Why add ice to tempura batter? ›

The batter is often kept cold by adding ice or placing the bowl inside a larger bowl with ice. Overmixing the batter will activate wheat gluten, which causes the flour mixture to become soft and dough-like when fried. Specially formulated tempura flour is available in supermarkets.

Does tempura batter have egg in it? ›

A basic Japanese tempura batter is made of flour, egg, and ice water. While simple, there are some tricks to producing crispy tempura. Ice water, sifted flour, and hot oil are just a few of the key factors that will produce restaurant-style results. Nearly anything you can deep-fry is a candidate for tempura batter.

Why do you put ice in tempura batter? ›

Ice water is the most underappreciated of the ingredients in the batter. Cooks use ice water over room temperature because the ice slows the formation of gluten during the cooking process.
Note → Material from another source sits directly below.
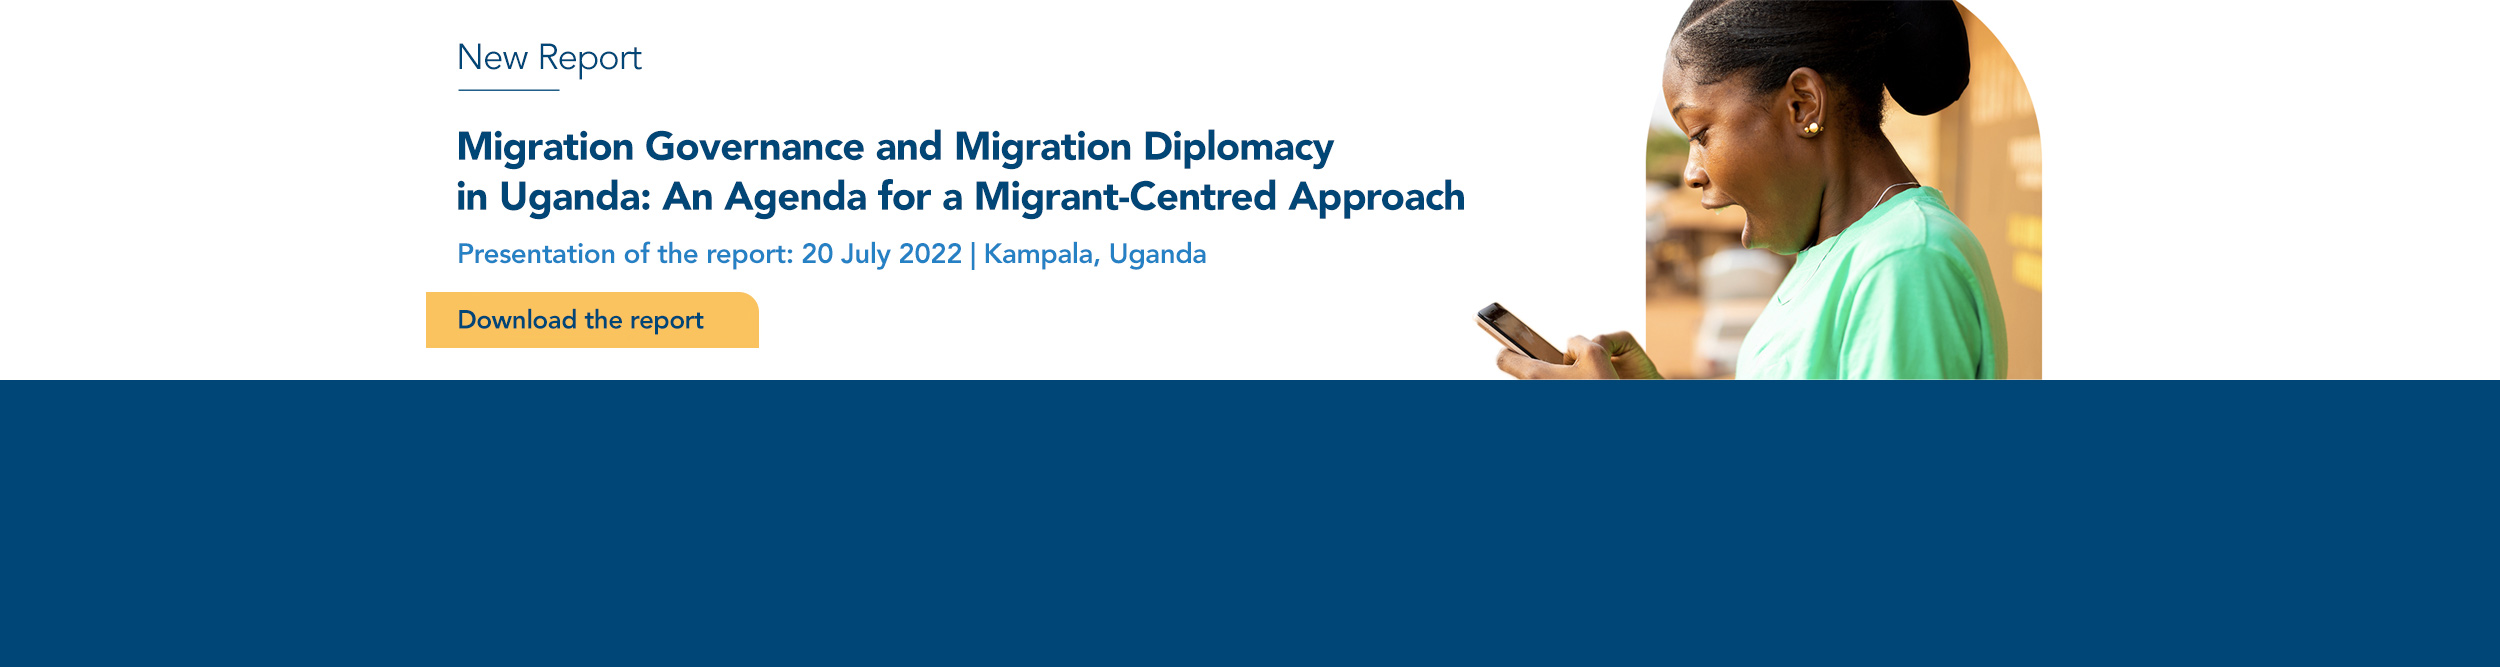 Permalink to:A new report available for download on “Migration Governance and Migration Diplomacy in Uganda”

This allows for a crispier cook while not allowing the batter to absorb the oils in the frying pan during the cooking process.

Should you let tempura batter rest? ›

Steam will continue to be emitted out of the food and absorbed into the batter, making the batter more and more soggy the longer you leave it. Because of this, tempura should be served as soon as possible.
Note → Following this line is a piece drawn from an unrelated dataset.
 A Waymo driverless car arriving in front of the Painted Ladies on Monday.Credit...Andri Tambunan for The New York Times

Why does my tempura batter fall off? ›

If the oil isn't at the correct temperature, your fish will absorb the oil while it's frying, causing some of the batter to drop off. To prevent this, your oil should be around 350 to 375 degrees Fahrenheit.

Can you shallow fry tempura? ›

The batter will work for shallow pan-fry or deep fry. For proteins, make sure to cook thoroughly before serving.

What makes batter more crispy? ›

Rice flour and cornstarch work particularly well because they fry up crispier than wheat flour. They also absorb less moisture and fat during the frying process, making the products less greasy. This is why rice flour is often used when making tempura because it produces a very thin and crispy, dry crust.

Do you double fry tempura? ›

The first frying cooks the ingredients and can be done in advance. Then, just before you want to serve the meal, fry the ingredients a second time, to heat them through and make the coating crisp.

Do you pre cook vegetables for tempura? ›

Other veggies that would be delicious to tempura are kale leaves, peppers, zucchini and onions. The best part is that you don't even need to cook the vegetables ahead of time. They cook right in the pot of oil while frying to crunchy perfection!

Why do you put cold water in tempura batter? ›

Cold water is critical for a properly light and airy tempura batter. The cold water does two things: First, it slows the development of gluten – which would otherwise cause the batter to be heavier and less crispy when fried.

Why do you put ice cubes in tempura batter? ›

The cold temperature of the batter is also critical, creating a shock when ingredients immerse in the hot oil that contributes to the creation of hana. Chef Kono adds a couple of ice cubes to the batter make sure it stays cold. Final note about batter: Prepare it just before frying the tempura.